Keithy Simpson

Personal information
- Date of birth: 19 April 1990 (age 36)
- Place of birth: Kingston, Jamaica
- Height: 6 ft 0 in (1.83 m)
- Positions: Midfielder; forward;

Team information
- Current team: Dunbeholden F.C.

Youth career
- 2005–2007: Bull Bay F.C.

Senior career*
- Years: Team / Apps / (Gls)
- 2007–2008: Cavalier S.C.
- 2008–2011: Sporting Central Academy / 18 / (0)
- 2009: → Whitecaps Residency (loan) / 12 / (1)
- 2011–2011: Portmore United F.C. / 10 / (0)
- 2011–2012: Tivoli Gardens F.C. / 45 / (5)
- 2012–2014: North East Stars F.C. / 30 / (3)
- 2014–2015: Vaasan Palloseura / 21 / (3)
- 2016: Águila
- 2016: Club Sando
- 2017: San Juan Jabloteh / 10 / (1)
- 2017–2020: Waterhouse F.C.
- 2020–: Dunbeholden F.C.

International career
- 2008–2009: Jamaica U20 / 12 / (1)
- 2014: Jamaica / 2 / (0)

= Keithy Simpson =

Jamaican footballer (born 1990)

Keithy Simpson (born 19 April 1990) is a Jamaican professional footballer who plays as a midfielder or forward.

==Club career==

===Youth and amateur===
Simpson attended Donald Quarrie High School and Hydel High School in Jamaica and played club soccer for Sporting Central Academy before joining the youth academy of Canadian team Vancouver Whitecaps joining Jamaica youth national teammate Dever Orgill. He featured in matches against the youth academies of Eintracht Frankfurt and Leicester City at the XXIX Dallas Cup, and played in the USL Premier Development League with the Vancouver Whitecaps Residency team in 2009. He also traveled to Germany with the club and competed against the U-19 team of Hertha Berlin and others.

=== Senior===
After featuring for Sporting Central Academy most of his career, Simpson move to Portmore United in January 2011. He spent 18 months with North East Stars FC of the TT Pro League from September 2012. In March 2014, Simpson signed with Vaasan Palloseura in Finland. In 2016, Simpson signed with Águila in El Salvador.
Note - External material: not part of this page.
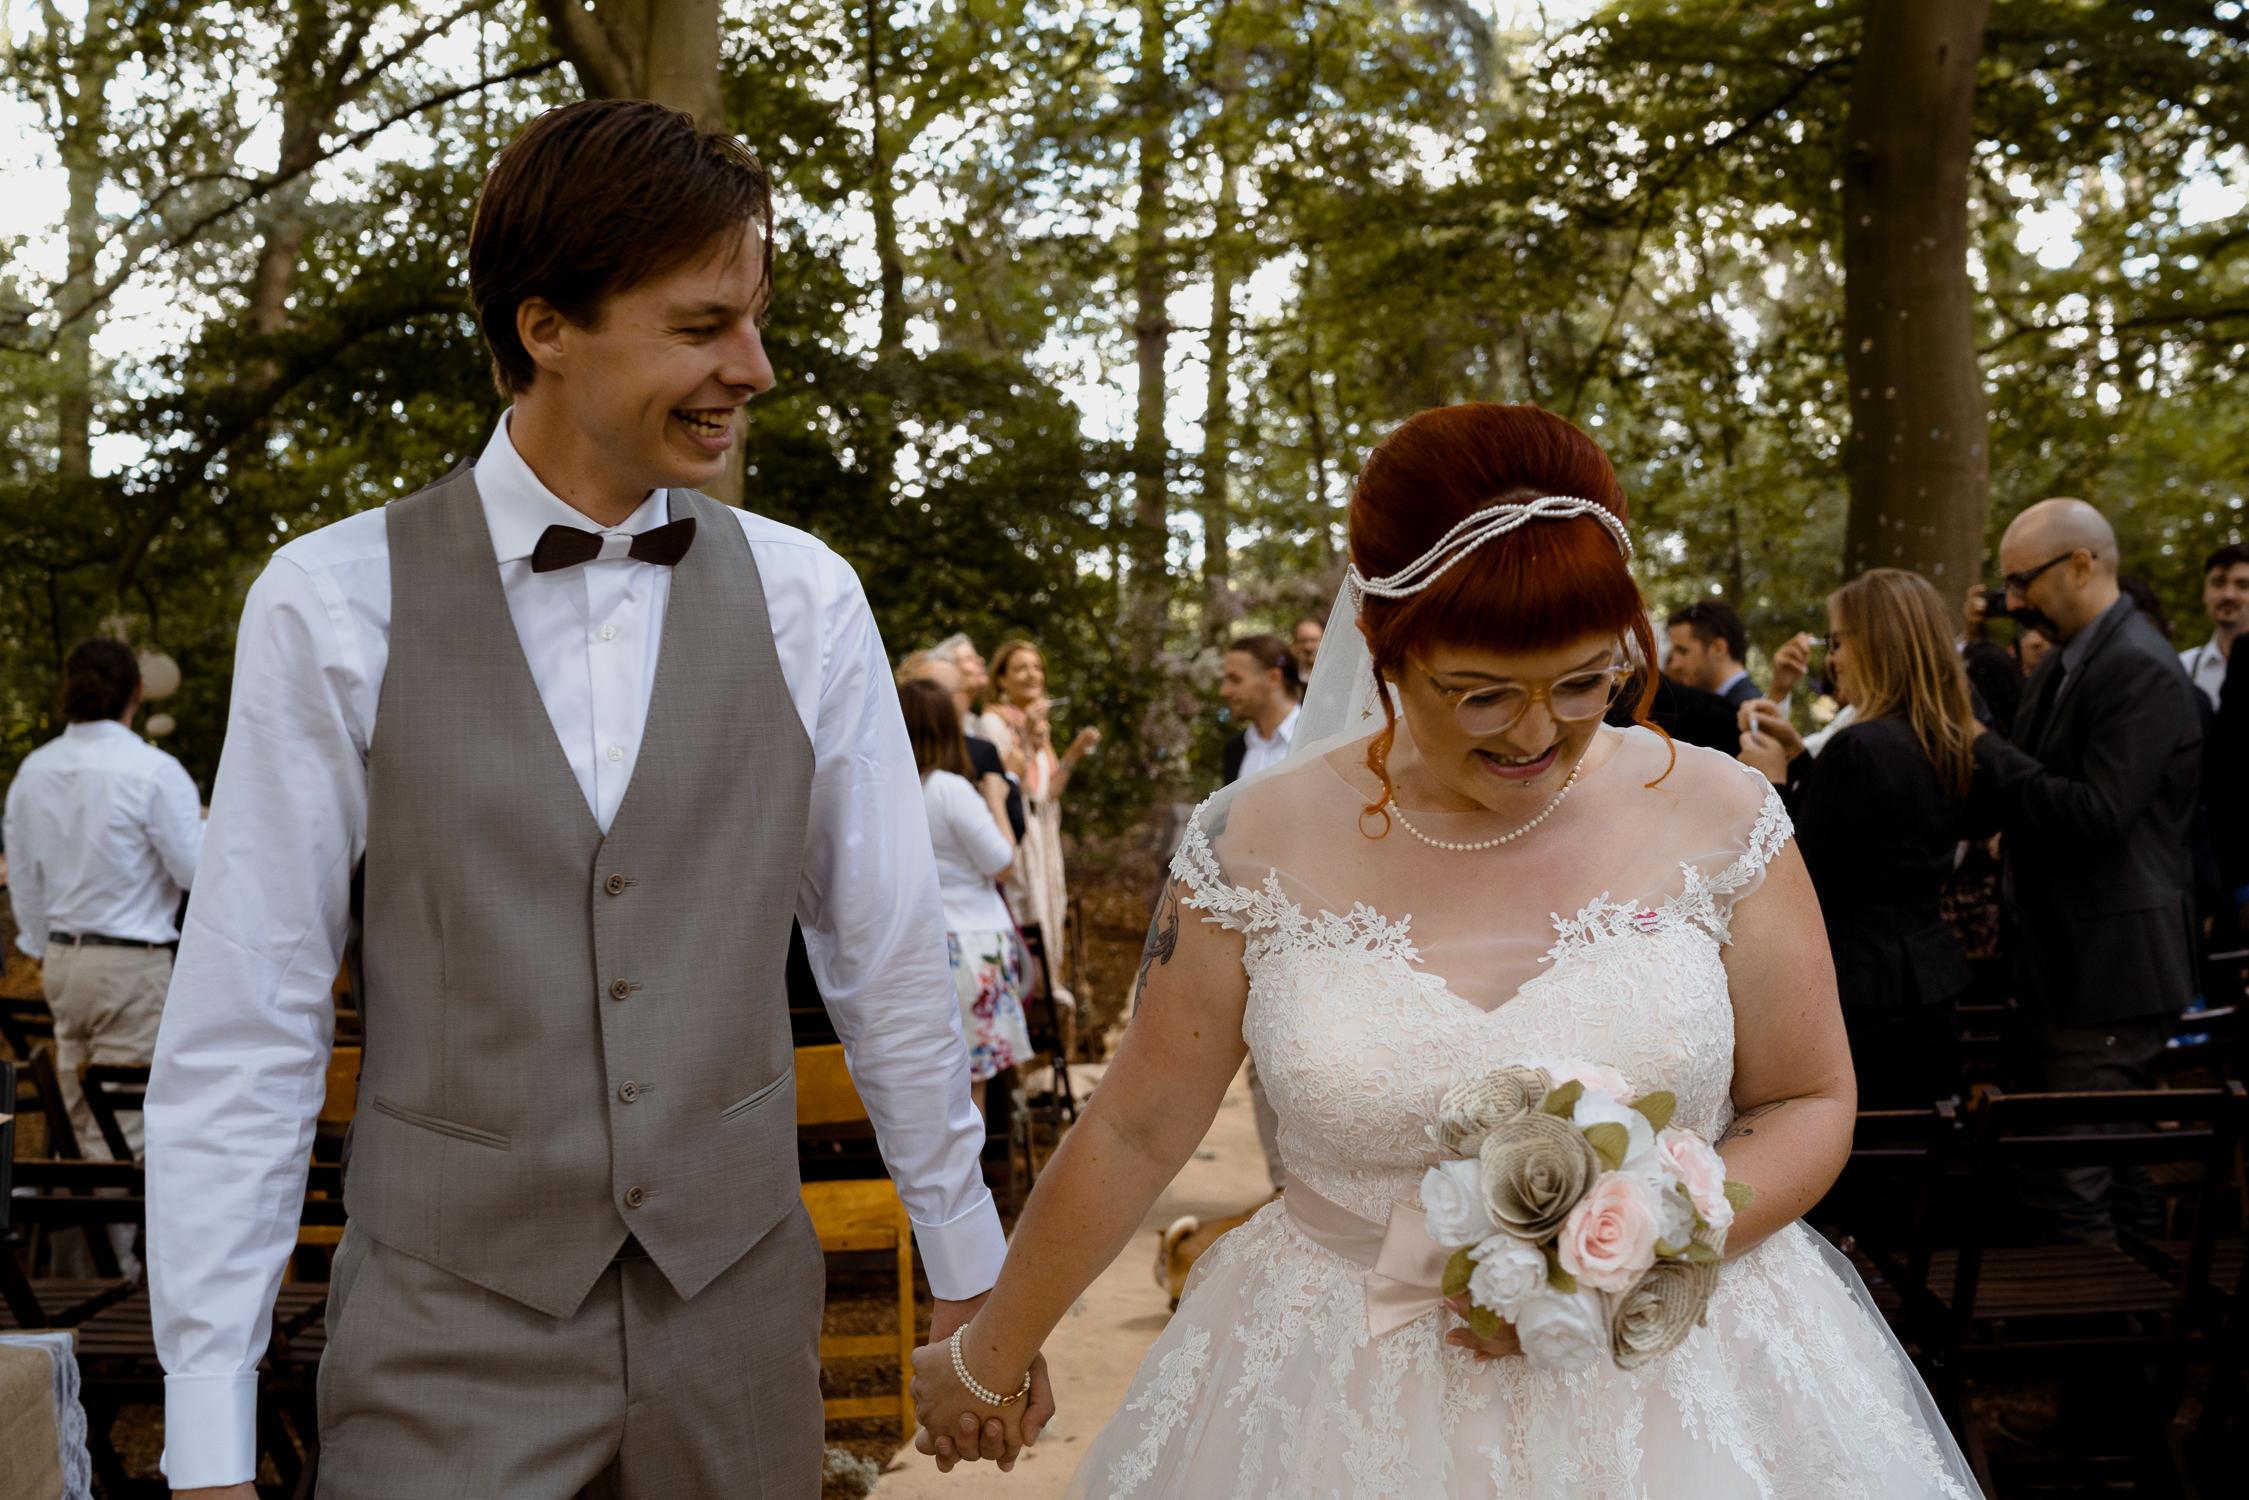 amsterdam-wedding-photographer-bruidsfotografie-trouwfotograaf-mark-hadden-Lucie-Luuk-120.jpg

In September 2020, Simpson signed with Dunbeholden FC in the Jamaican top flight.

==International career==
Simpson was a member of the Jamaica under-17 squad during the 2017 CONCACAF U-17 Championship qualifiers 2007 in Kingston, Jamaica and 2009 CONCACAF U-20 World Cup qualifiers in Scarborough, Tobago.

In August 2011, Simpson played in the CFU Olympic qualifiers in Suriname for Jamaica. On 30 May 2014, he made his debut for the Jamaica senior team against Switzerland, as a second-half substitute in Lucerne.

He was called up to play against Egypt on 4 June, and France on 8 June, but was unable to travel with the team due to club commitments.

On 9 September 2014 he earned his second cap in a 3–1 away defeat to Canada.